In 2011, he told The Gunk Journal, “No major changes to the use of the land are contemplated, we would opt for what we call ‘mixed use’ conservation. That would mean a combination of public use of the lands, where possible, scientific research, educational work with schools and colleges, and the continuation of the present-day sustainable farming at Brook Farm.”

He made similar reassurances at a meeting earlier this year where Mohonk was seeking approval of the New Paltz Town Board on a state grant that would help with its acquisition of the foothills land — Brook Farm would stay where it is.

The problem here is that Hoagland is not in a position to make these statements about Brook Farm. Mohonk is managing a large tract of OSI’s land, though the property that Brook Farm currently occupies will be under the control of Glynwood Institute.

Perhaps Hoagland was mistaken, or maybe his statements were designed to reassure the community that Brook Farm, something it loves and cares about, would be left alone. He has said the same thing many times, and it turns out not to be true.
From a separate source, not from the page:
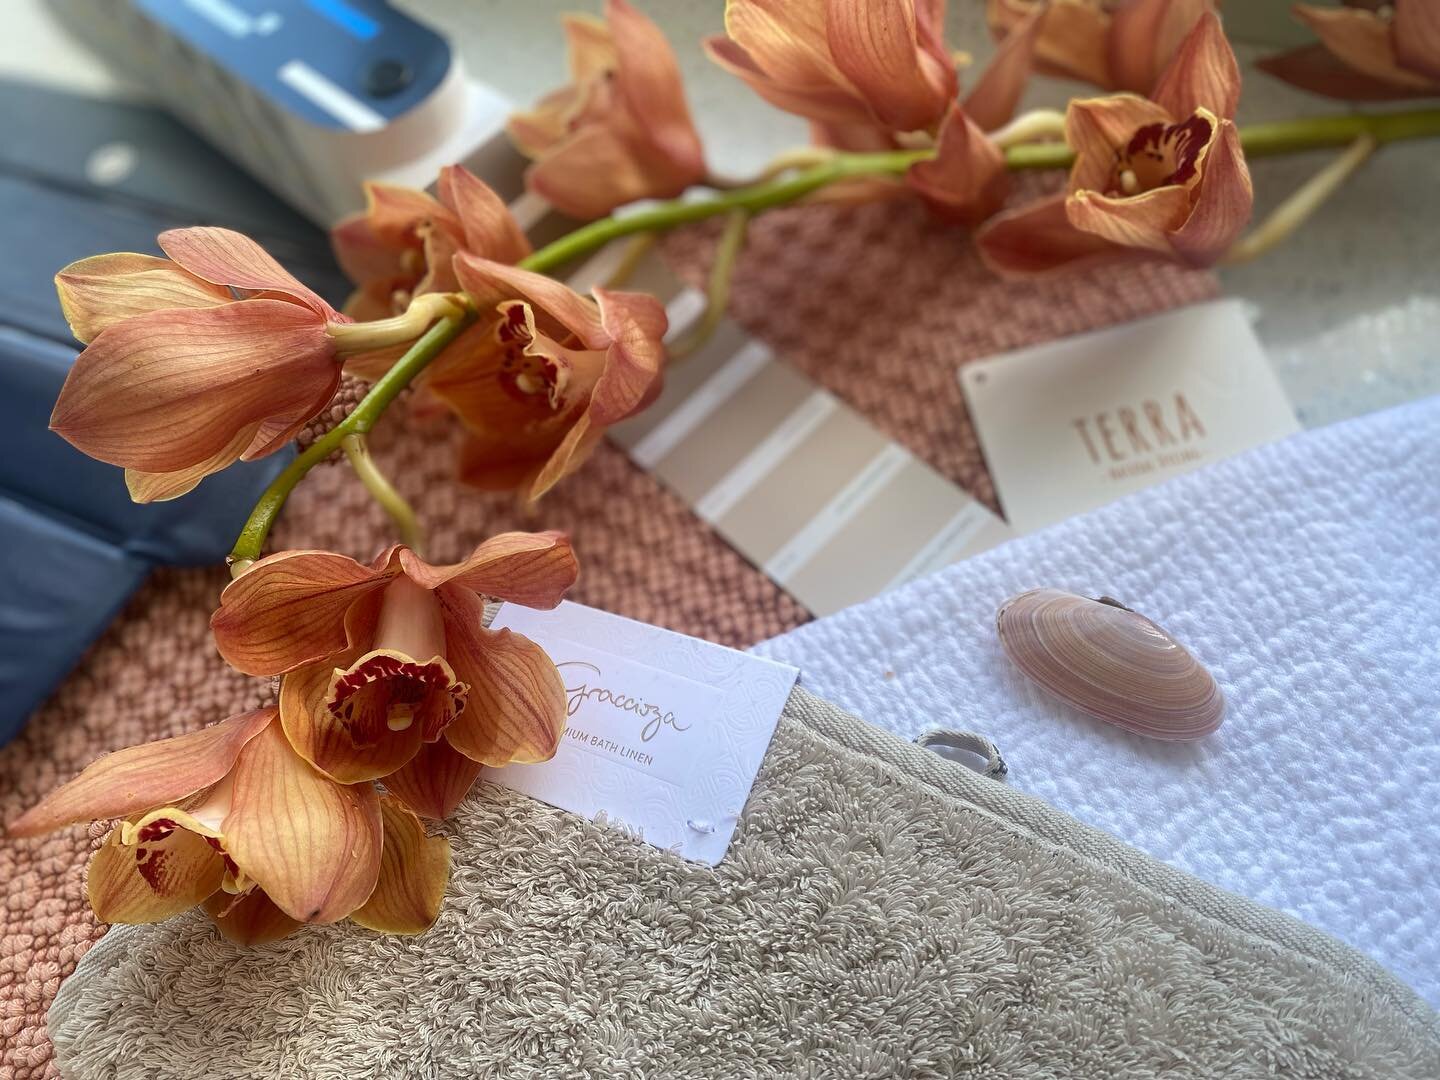 Looking at some beautiful crisp luxurious bath and bed linen for my lovely client making sure it becomes an elegant timeless design scheme adding to the wellness feel that a bathroom and bedroom should have 💫 Lasting forever as it&rsquo;s all made f

At the Oct. 2 community meeting about Brook Farm, Mohonk Preserve sent the chairman of its board of directors, Ron Knapp, to represent the Preserve. (Nobody from OSI or Glynwood attended; presumably Knapp was their guy in the room.) After listening to community members vehemently express their concerns about land trusts for three hours running, he stunned the room by asking people to make donations to the Preserve so that it could raise $2 million and purchase land from OSI. That is what I said, and I saw it with my own eyes: at the end of the meeting, Knapp tried to get a little cash out of a bunch of people trying to save the CSA that he was helping crush. Had I not been there, I might not have believed it.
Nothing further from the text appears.